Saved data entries

===============

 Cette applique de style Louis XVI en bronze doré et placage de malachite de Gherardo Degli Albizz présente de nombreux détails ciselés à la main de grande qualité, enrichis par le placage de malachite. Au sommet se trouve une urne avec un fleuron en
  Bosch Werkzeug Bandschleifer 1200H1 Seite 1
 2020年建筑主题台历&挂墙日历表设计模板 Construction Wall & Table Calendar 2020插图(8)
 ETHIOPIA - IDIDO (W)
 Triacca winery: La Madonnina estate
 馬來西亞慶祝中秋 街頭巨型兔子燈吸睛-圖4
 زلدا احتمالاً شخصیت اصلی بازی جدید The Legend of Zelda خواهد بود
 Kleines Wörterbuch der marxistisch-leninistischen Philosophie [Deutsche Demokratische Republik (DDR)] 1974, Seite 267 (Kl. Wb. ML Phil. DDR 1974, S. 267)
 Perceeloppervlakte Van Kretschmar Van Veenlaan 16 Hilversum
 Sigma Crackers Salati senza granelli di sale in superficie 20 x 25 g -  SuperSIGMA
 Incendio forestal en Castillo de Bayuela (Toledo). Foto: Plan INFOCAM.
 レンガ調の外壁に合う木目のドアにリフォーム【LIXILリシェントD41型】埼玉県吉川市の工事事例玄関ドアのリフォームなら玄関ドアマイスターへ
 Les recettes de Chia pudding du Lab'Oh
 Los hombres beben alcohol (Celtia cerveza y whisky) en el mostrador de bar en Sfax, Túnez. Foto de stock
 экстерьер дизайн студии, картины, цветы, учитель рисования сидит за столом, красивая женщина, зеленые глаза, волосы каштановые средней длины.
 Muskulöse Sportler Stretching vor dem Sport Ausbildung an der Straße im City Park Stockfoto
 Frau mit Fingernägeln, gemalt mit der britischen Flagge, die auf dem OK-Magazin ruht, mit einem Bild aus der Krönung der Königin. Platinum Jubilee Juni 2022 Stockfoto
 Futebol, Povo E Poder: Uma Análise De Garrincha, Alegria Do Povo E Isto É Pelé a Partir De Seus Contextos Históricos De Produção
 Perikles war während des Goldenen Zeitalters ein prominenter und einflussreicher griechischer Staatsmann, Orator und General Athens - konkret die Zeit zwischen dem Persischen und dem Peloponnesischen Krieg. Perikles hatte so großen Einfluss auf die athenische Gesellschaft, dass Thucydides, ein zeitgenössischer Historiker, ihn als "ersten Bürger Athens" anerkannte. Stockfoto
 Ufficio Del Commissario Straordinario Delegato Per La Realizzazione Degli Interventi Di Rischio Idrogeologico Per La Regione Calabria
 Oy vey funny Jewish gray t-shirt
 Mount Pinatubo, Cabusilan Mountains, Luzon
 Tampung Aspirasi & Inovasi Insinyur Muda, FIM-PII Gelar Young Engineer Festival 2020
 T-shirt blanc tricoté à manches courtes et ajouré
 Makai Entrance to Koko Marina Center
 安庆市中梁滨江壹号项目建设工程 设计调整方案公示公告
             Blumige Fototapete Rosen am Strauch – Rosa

===============

Task requirements>
Above are the records; repeat exactly the lines from the one holding "ETHIOPIA - IDIDO (W)" down to the one holding "زلدا احتمالاً شخصیت", end lines included.

Answer for this exercise>
 ETHIOPIA - IDIDO (W)
 Triacca winery: La Madonnina estate
 馬來西亞慶祝中秋 街頭巨型兔子燈吸睛-圖4
 زلدا احتمالاً شخصیت اصلی بازی جدید The Legend of Zelda خواهد بود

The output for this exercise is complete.